Alas, moving house has proven, without doubt, that one of life’s greatest miseries is the struggle of relocation. If I have to accept one more flat pack from a courier, I’ll be greeting the merciless prick with my very best “Here’s Johnny…” impression. That and obviously, the point blank refusal to “sign fer it, mate“.

Christ, there’s already one room in my house dedicated to the shit I’ve yet to recycle.

Christmas recycling

That’s my dining room, believe it or not. Correction: That will be my dining room when I get hold of some recycling bags from the council.

Travel Targets in 2012

I already have some trips planned for 2012.

In May, I’ll be heading to America for a wedding, and to meet some of my partner’s friends.

New York, Chicago and Indianapolis will be our ports of call. Can you spot the odd one out? Yep, I’ve been told that Indiana’s biggest tourist attraction is the Indy 500 race, which doesn’t bode well for my souvenir hunt. I’m not a fan of motor racing at the best of times, but especially when it’s the retarded American version that takes place in a circular ring.

The only time I’ve found circular rings and cars to be compatible was in Destruction Derby on the Sega Saturn. And something tells me a Nascar event has gone badly wrong if it resembles as such.

Digs aside, I’m looking forward to visiting America again. It’s been a while since I last had my anal cavities probed at immigration. Remind me not to provoke Passport Control by smiling next time.

I’m also excited to travel back to Thailand at the end of 2012, although I’ve learnt another vital life lesson: don’t come home with a puppy. Unless you like handing over £3000 to government quarantine, as well as the puppy.

With trips to Spain, France and ‘somewhere beginning with B’ (hold hands, let’s pray it’s not Birmingham), it should be a good year.

Business Targets in 2012

Like most affiliates, my gameplan for 2012 is survival. Don’t get banned from Facebook, don’t get sued for false advertising, don’t get swallowed up by the competition.

Generally speaking, if I can succeed with just one of those targets, it’ll be a bloody good year.

It probably doesn’t come as a surprise to many people that I’m slowly moving my business away from affiliate marketing. As much as I love the money, the job is about as satisfying for the soul as a bicycle kick to the bollocks. The sooner I become less reliant on mindless arbitrage, the sooner I’ll be able to force myself out of bed in the morning.
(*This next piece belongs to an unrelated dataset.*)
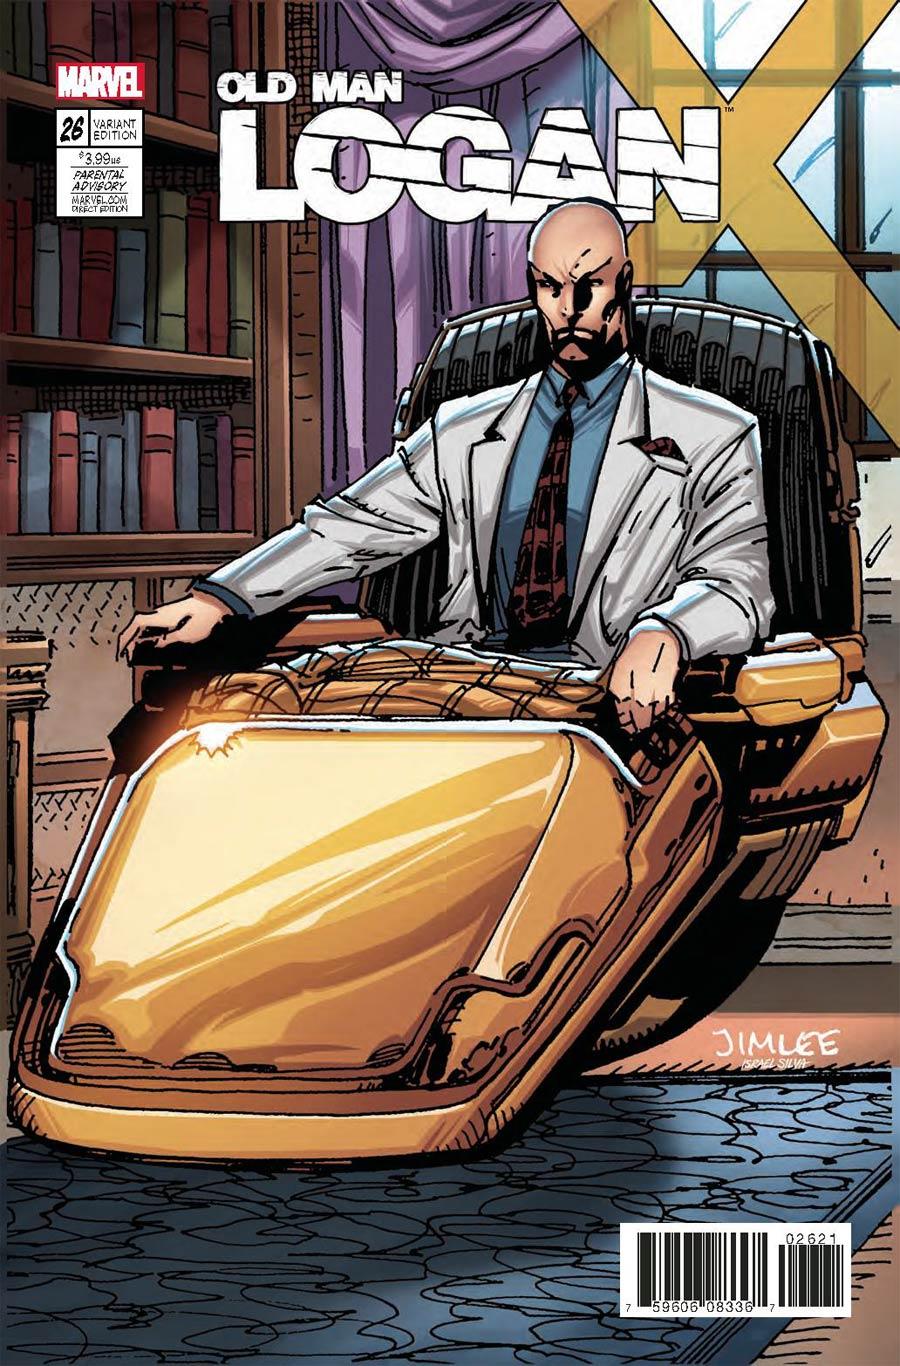 Old Man Logan Vol 2 #26 Cover B Variant Jim Lee X-Men Trading Card Cover

My most important target for the year is to get published. I’ve always wanted to be an author, and this is the year where I’m determined to make it happen.

I’m currently writing a book that sums up the sleaze of working in the Internet Marketing business. While it could be difficult to find an agent for my profanity woven prose, I’m hoping one will take pity on me. Or read this blog and get in touch. Nudge wink ball tickle.